» **Task description**: Taking the line with "Photo #: USMC" as the first and the line with "Farmhouse fall wreaths" as the last, set down the lines below exactly, pictures excluded.

» **Listed records**:
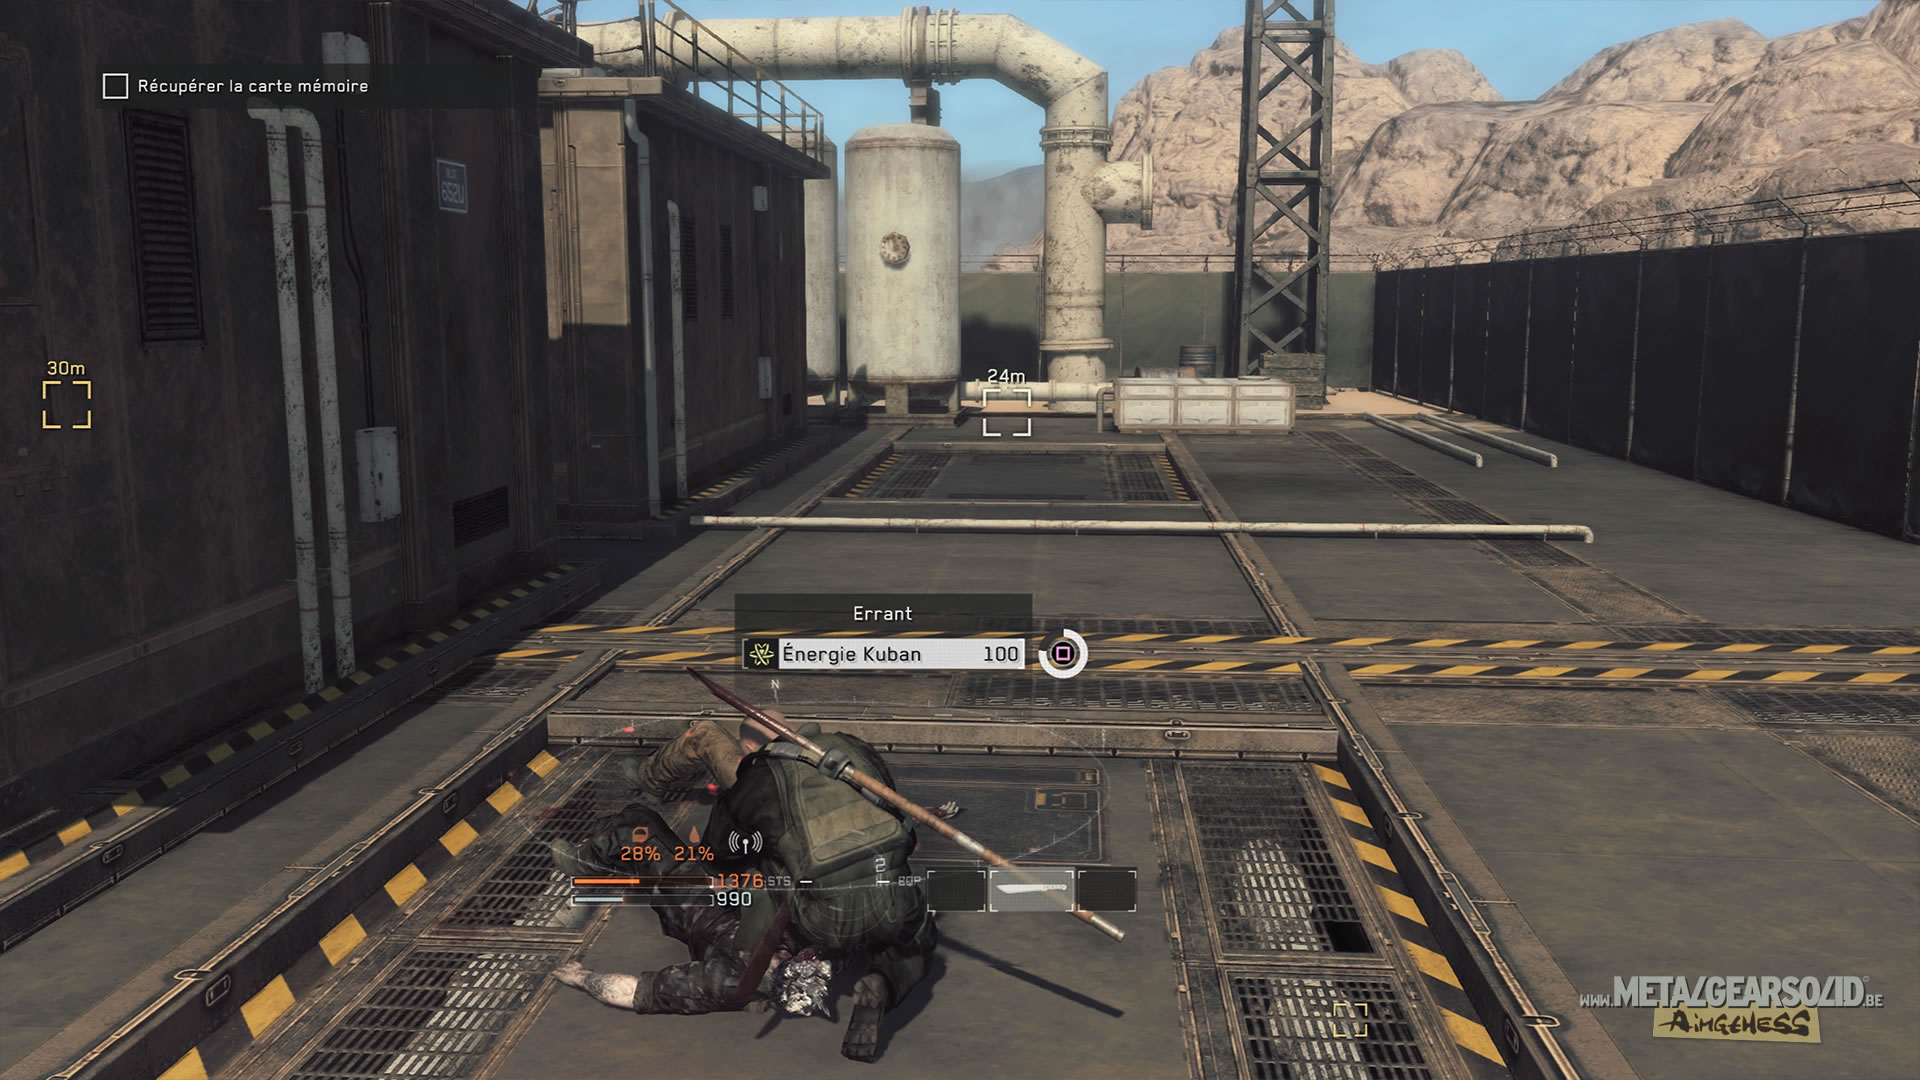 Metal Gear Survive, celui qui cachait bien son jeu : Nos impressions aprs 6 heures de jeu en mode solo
...
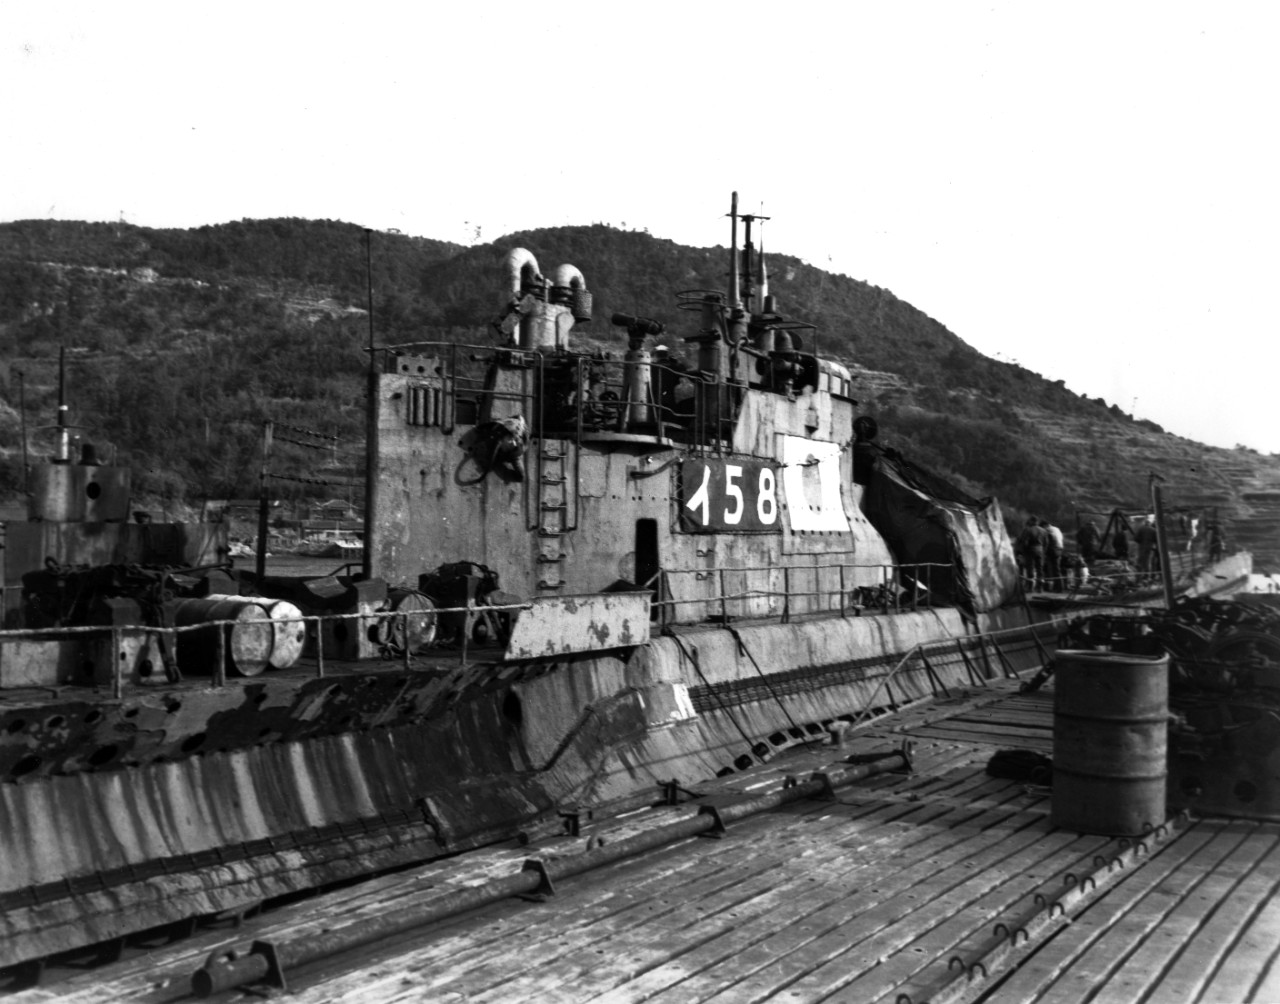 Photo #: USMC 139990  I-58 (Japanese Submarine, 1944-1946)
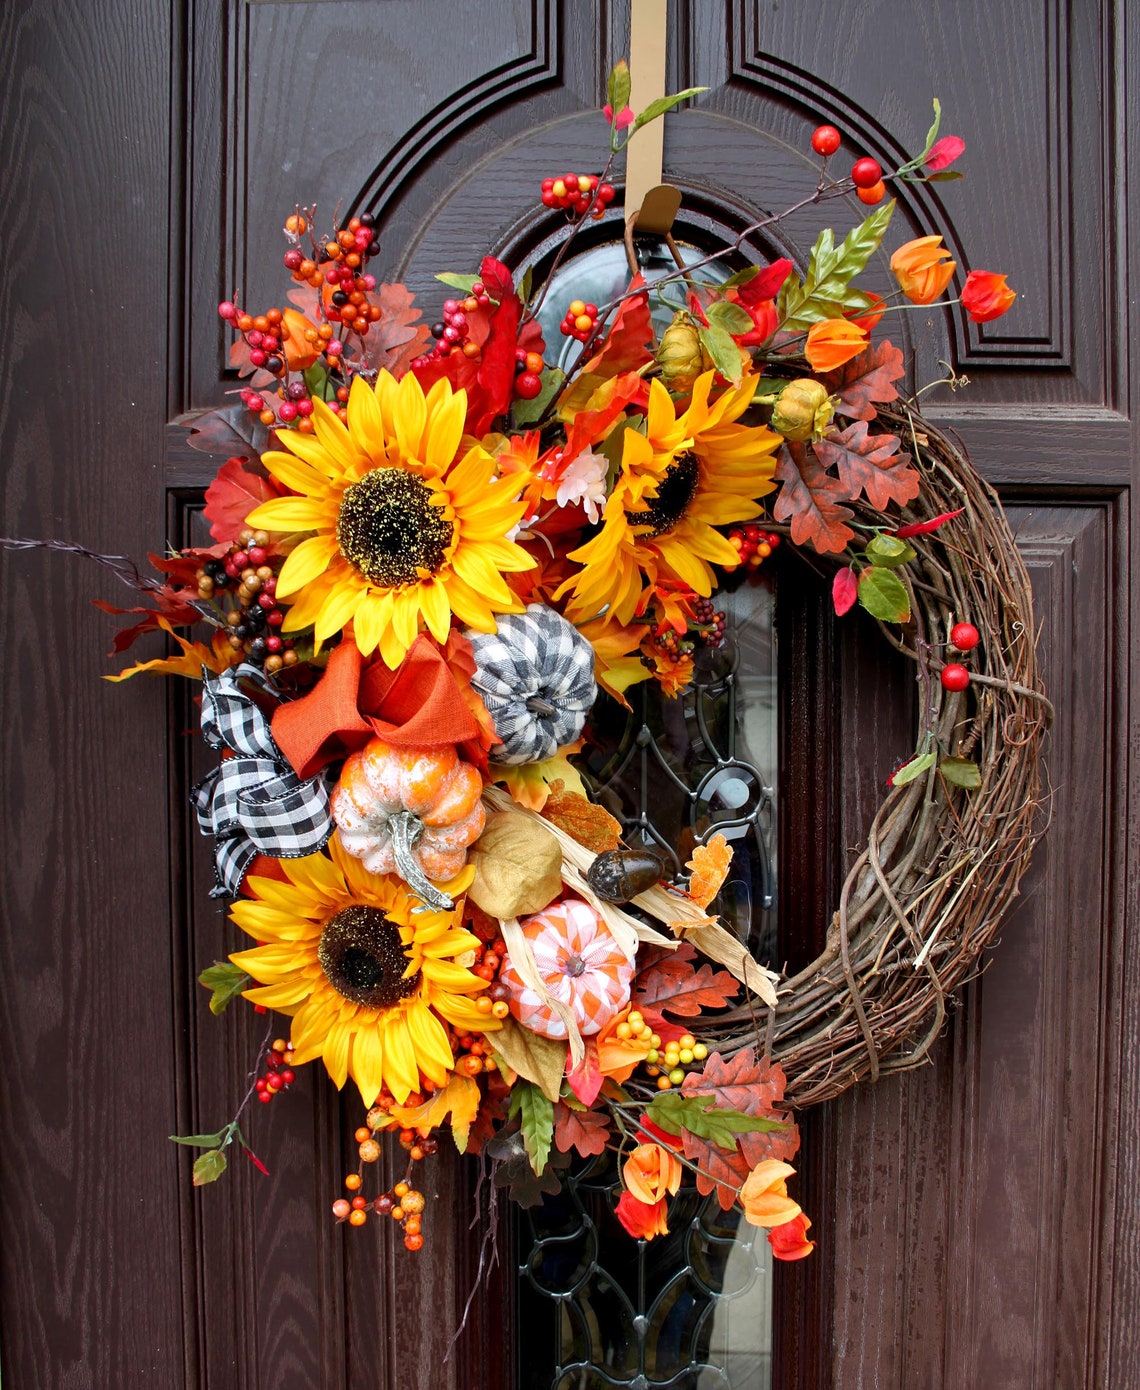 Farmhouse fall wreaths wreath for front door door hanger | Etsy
--
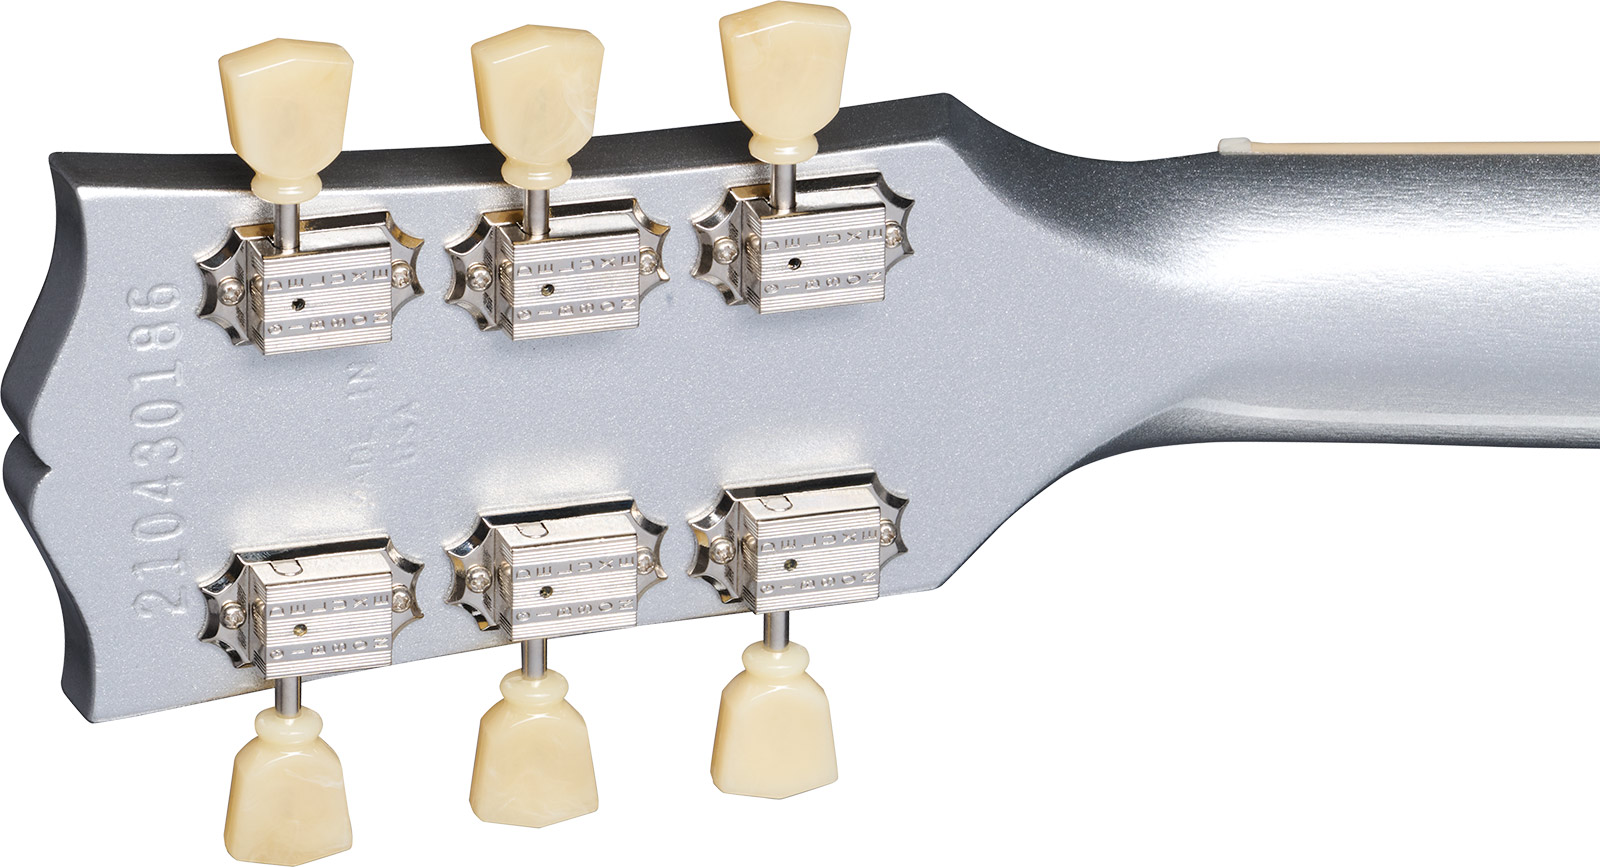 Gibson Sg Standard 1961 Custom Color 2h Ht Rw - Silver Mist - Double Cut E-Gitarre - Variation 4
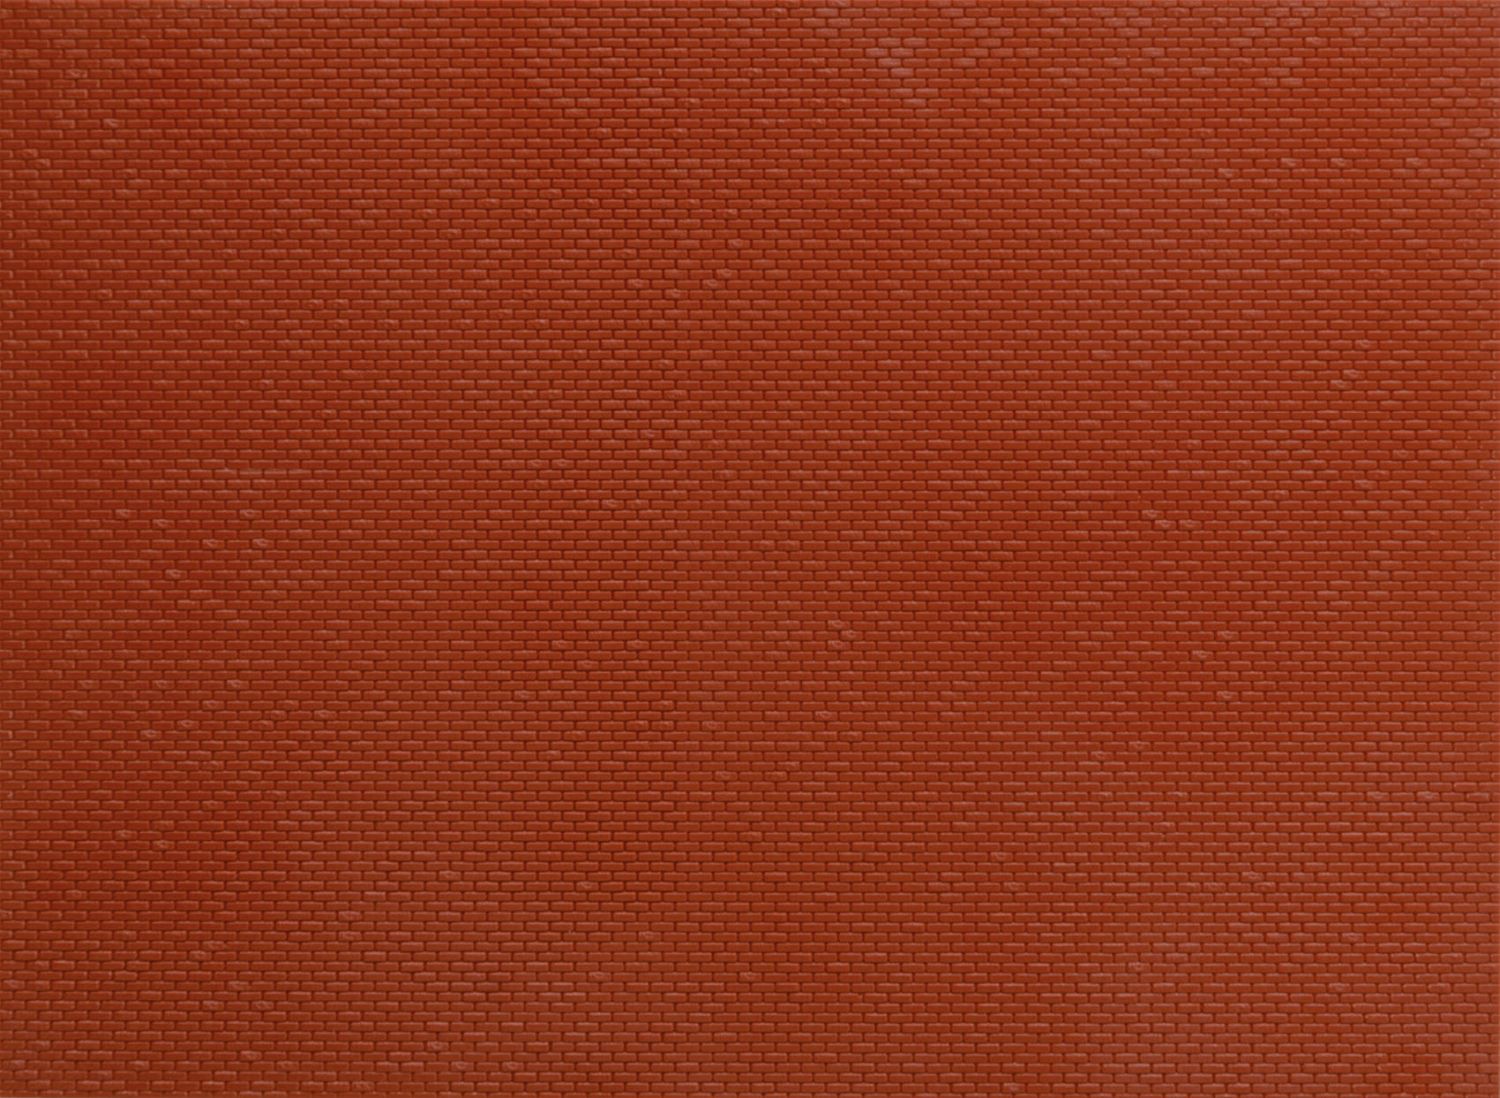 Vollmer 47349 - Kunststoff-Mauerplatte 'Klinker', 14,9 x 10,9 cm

» **Your solution**:
 Photo #: USMC 139990  I-58 (Japanese Submarine, 1944-1946)
 Farmhouse fall wreaths wreath for front door door hanger | Etsy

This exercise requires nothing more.